おお!なんだこの仰々(ぎょうぎょう)しい提灯(ちょうちん)は?大田黒(おおたぐろ)と書いてあるではないか。どこかの武家屋敷(ぶけやしき)のようで、それにしても門より奥にずいぶん道が伸びている。膨大な敷地だ。門をくぐって先まで行くと

またまた小さな門がある。ずいぶん広いな。さらにこの門をくぐって奥に行くと池があった。鴨(かも)が泳いでいて、池の中には大きな錦鯉(にしきごい)も泳いでいる。あいにくの小雨(こさめ)で女の子数人が傘を差しながらエサをあげていたりなんかする。

じつはここは公園なのです。大田黒公園というところで公園フリークの私は前にも一度来たことがあって今回2度目なのでした。前に来た時は確かもっとたくさん鯉が泳いでいたような気がして、しかもものすごく綺麗な柄(がら)で池のほとりにある案内板を見ると新潟の小千谷(おじや)地方の鯉だと書いてあったような気がします。小千谷(おじや)といえば錦鯉の里なので、本場の錦鯉はこんなに綺麗なんだ!と感動した思い出があって、久しぶりに見た鯉は、前に比べて余り感動しなかったのですがその大きさに多少今回も驚いたのでした。

そして一番メインの屋敷に向かうとなんと閉鎖されている!なになにコロナのおかげで換気ができず、当分は閉めると書いてある。
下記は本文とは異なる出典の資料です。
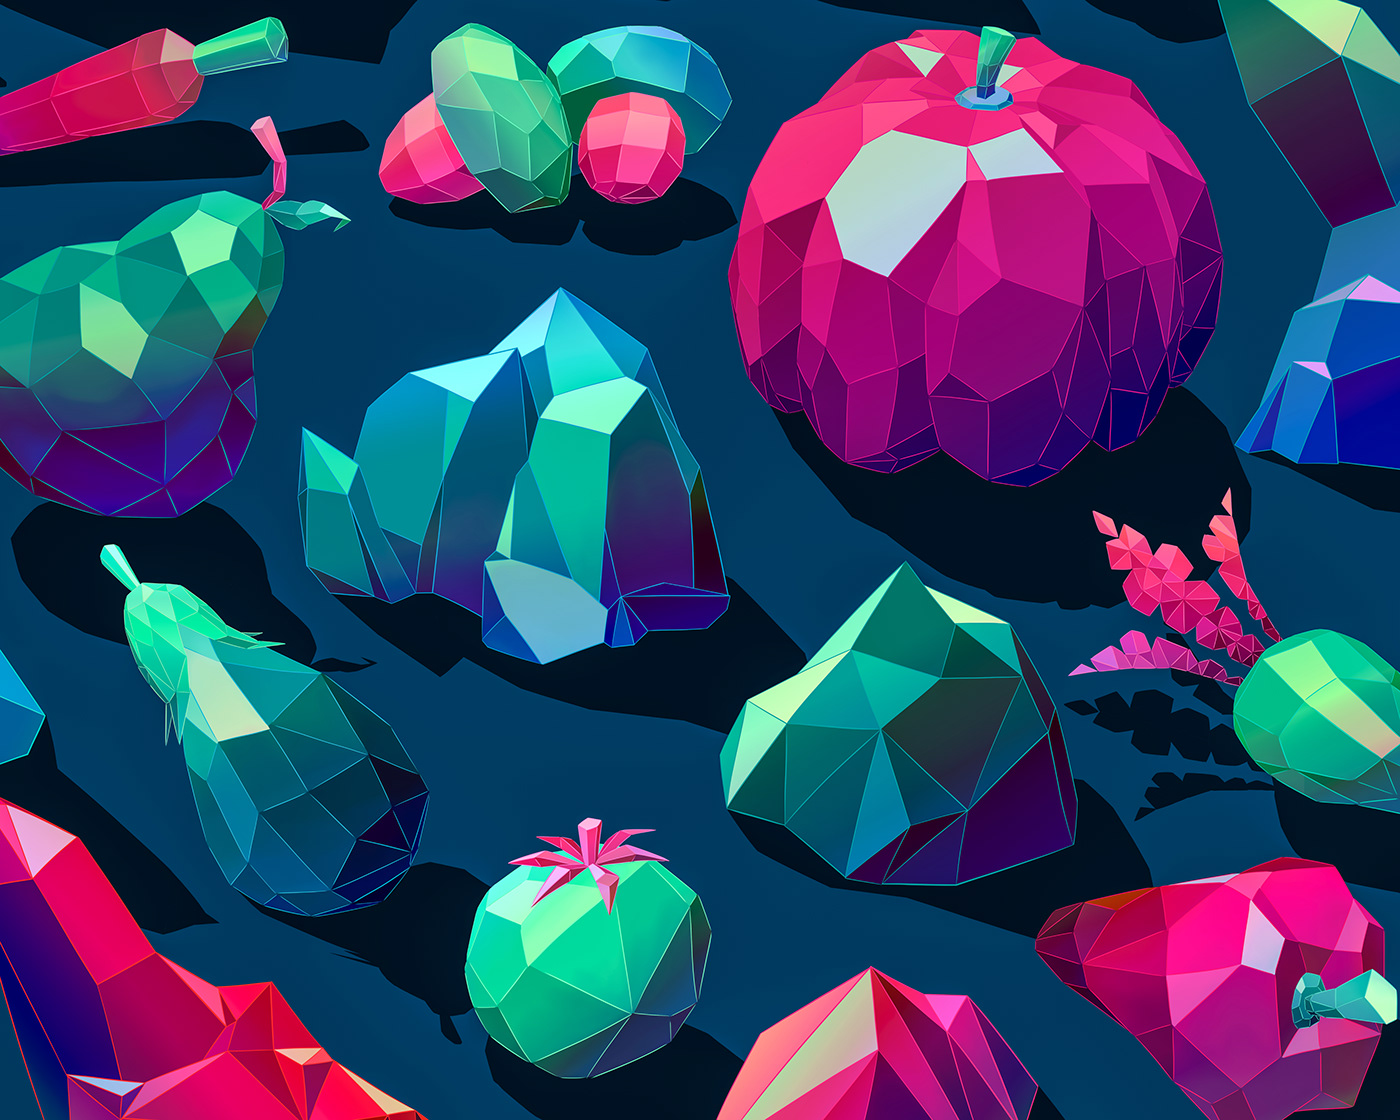 Digital art depicting low-poly 3D fruits, vegetables and crystals in cool-toned neon colours.

せっかくこの寒い雨の中、立ち寄ったのに残念!なにを今回このブログで紹介したかったのかと言うと、この大田黒公園というのは大田黒さんという人が亡くなってその敷地を遺言(ゆいごん)にそって公園にしたという他の公園にはない独特の事情があったりなんかしてユニークなのですが、この大田黒さん大正時代にクラシック音楽の作曲家のドビュッシーやストラヴィンスキーをはじめて日本に紹介した人で有名になったらしく、ドビュッシー本人が弾いたのかどうかはわかりませんがそのピアノがこの館(やかた)の中に飾られていて、たしかそうした歴史上のモノクロ写真と説明文が何枚か貼ってあったと記憶していて、それを紹介してみたかったのです。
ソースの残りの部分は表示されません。